I dunno why i'm asking on his behalf after the things he says but anyway here it goes, we split on the 1st of this month. He's worrying. He has to move out this week, and has a lot of outgoings, his mum has bought lots and lots for the baby, and he's spent £25 on a heater, bought a sleepbag, and given me £10 this month for our son also.. He's worrying that the claim will get backdated. Now i was happy to settle it without taking it to the csa, because i'd heard it would cost him more and tbh i don't want to make life harder for him than it has to be i appreciate he is struggling as well as i am, he has however spent money on going out a LOT this month, what he hasn't paid for the baby his mum has so baby hasn't gone without, which is my priority. CSA asked me if he was paying weekly agreed amount of cash, also they asked date we split. Do you think they would be likely to backdate in these circumstances?


----------



## MissEfendi

The CSA will only make claims from the date of your application, they do not backdate any longer.
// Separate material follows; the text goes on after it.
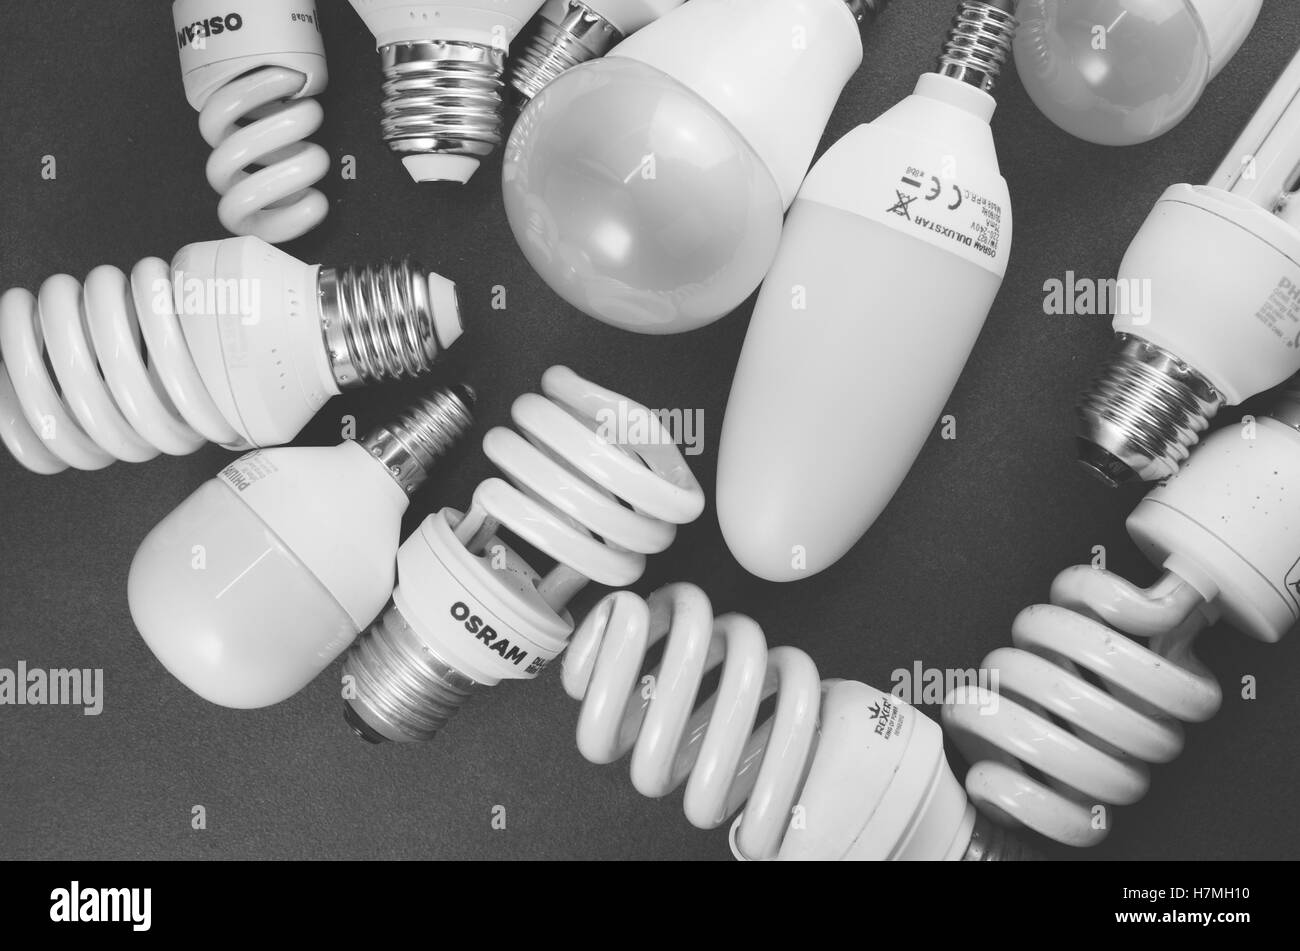 mixed low power fluorescent light bulbs on a dark surface - energy saving Stock Photo

So if you make your claim on the 1st of April, they will usually make the claim from that week onwards.

You can also cancel your claim with CSA at anytime and say that you have a private agreement in place, though if he does not pay, you can go back to the CSA at any time.


----------



## tinkabells

I've heard though if you cancel 3 times or more because of private agreement and then he doesnt pay you, they can then charge a fee because of having to reinstate everything everytime it gets cancelled and then recliamed again, but dont hold me to that xxx


----------



## Laura2919

They dont backdate the claim but I have spoken to you about it and I think you need to go to CSA!


----------



## purpledahlia

Thy dont backdate to the baby's birth date, (altho they should!) But to when you make the claim or when they make contact with him, Why should he worry?! he is the father and should step up to his responsibility not have his mum do it for him? its not her child! If he is trustworthy then set an agreement up, if he isnt, go to CSA. Thats if you want him to pay that is,


----------